Studio album by Jennifer Hudson
- Released: October 18, 2024
- Genre: Christmas; gospel;
- Length: 52:33
- Label: Interscope
- Producer: Dan Caplen; Brandon Collins; Andrew DeRoberts; David Foster; Kirk Franklin; John Gomez; Ron Hill; Jennifer Hudson; Justin Pearson; Greg Phillinganes; James Poyser; Ryan Tedder; Federico Vindver;

Jennifer Hudson chronology
| Respect (2021) | The Gift of Love (2024) |  |

= The Gift of Love (Jennifer Hudson album) =

The Gift of Love is the fourth studio album by American singer Jennifer Hudson. It was released on October 18, 2024, by Interscope Records. Her first album since JHUD (2014), it features four original songs and ten covers of Christmas standards and carols, two are collaborations with The Joy and Common.

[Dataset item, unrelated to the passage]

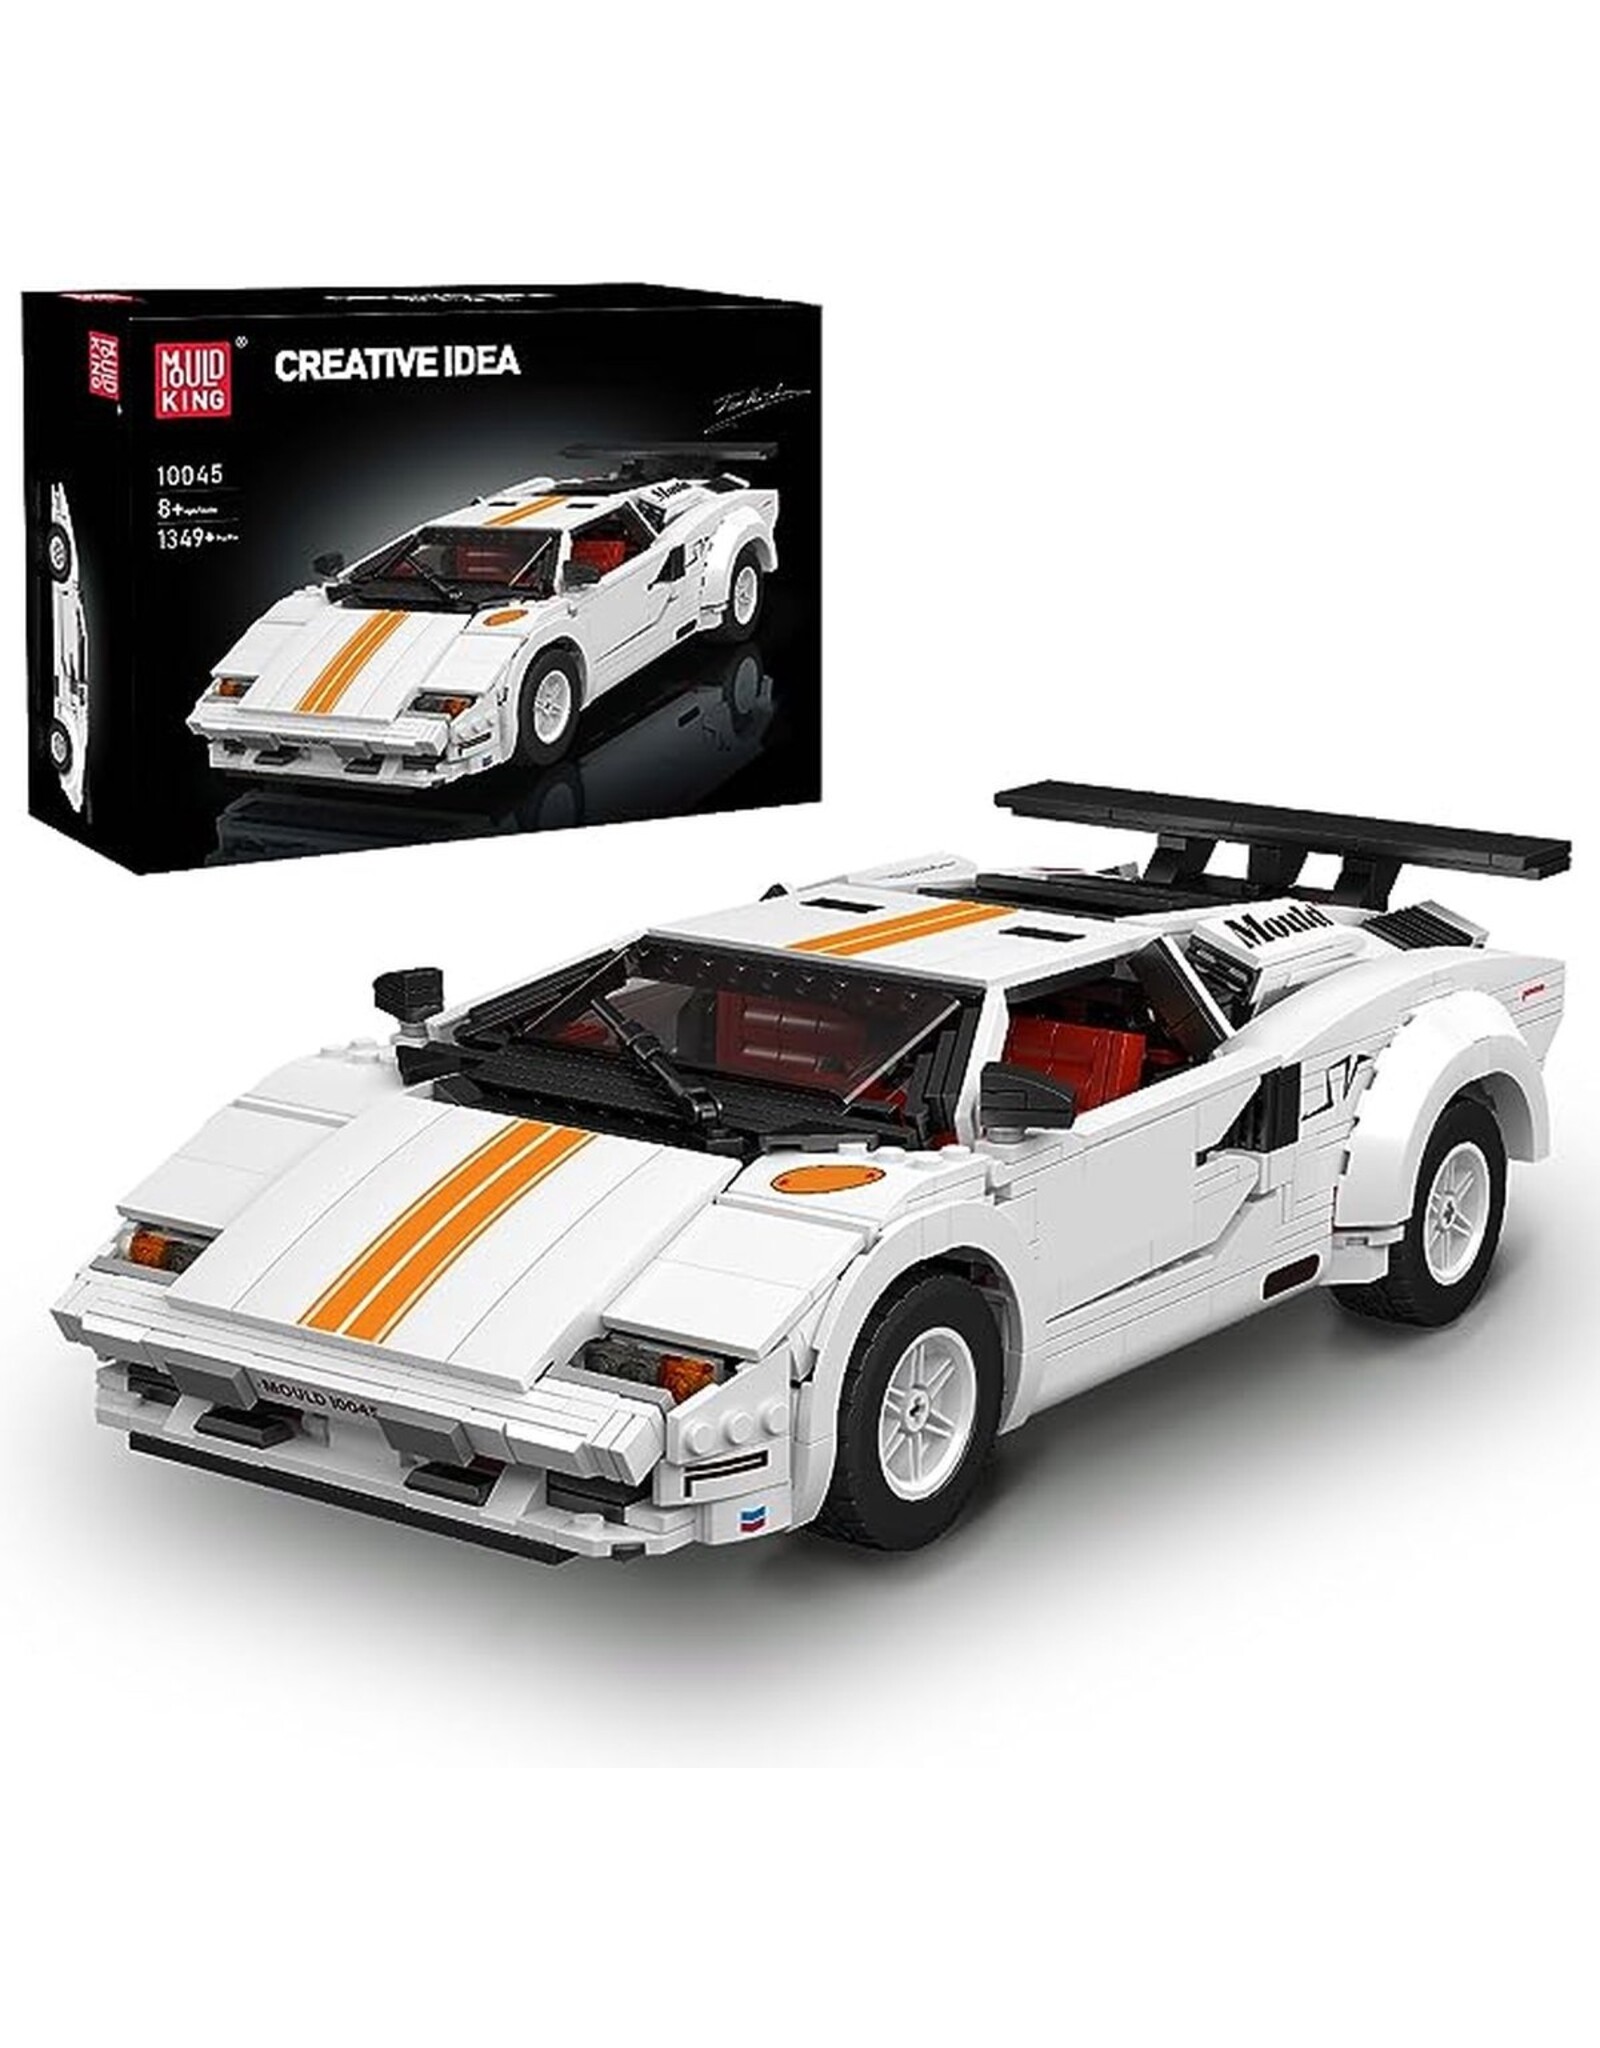 Mould King Mould King 10045 Lambo Countach

The album received a nomination for Best Traditional Pop Vocal Album at the 68th Annual Grammy Awards.

== Background and recording ==
After her third studio album JHUD, published in September 2014 through RCA Records, Hudson signed a record deal with Epic Records in June 2016. It was announced a new record project for the singer, under Clive Davis executive production, publishing the single. Despite the record deal, between 2016 and 2020 Hudson did not published an album, focusing on television and films. In December 2020 she collaborated on Mariah Carey single "Oh Santa!" with Ariana Grande. In 2021 she recorded Respect: Original Motion Picture Soundtrack through Epic Records and Metro-Goldwyn-Mayer Music, as the soundtrack album to the 2021 biographical film Respect in which Hudson acted as Aretha Franklin.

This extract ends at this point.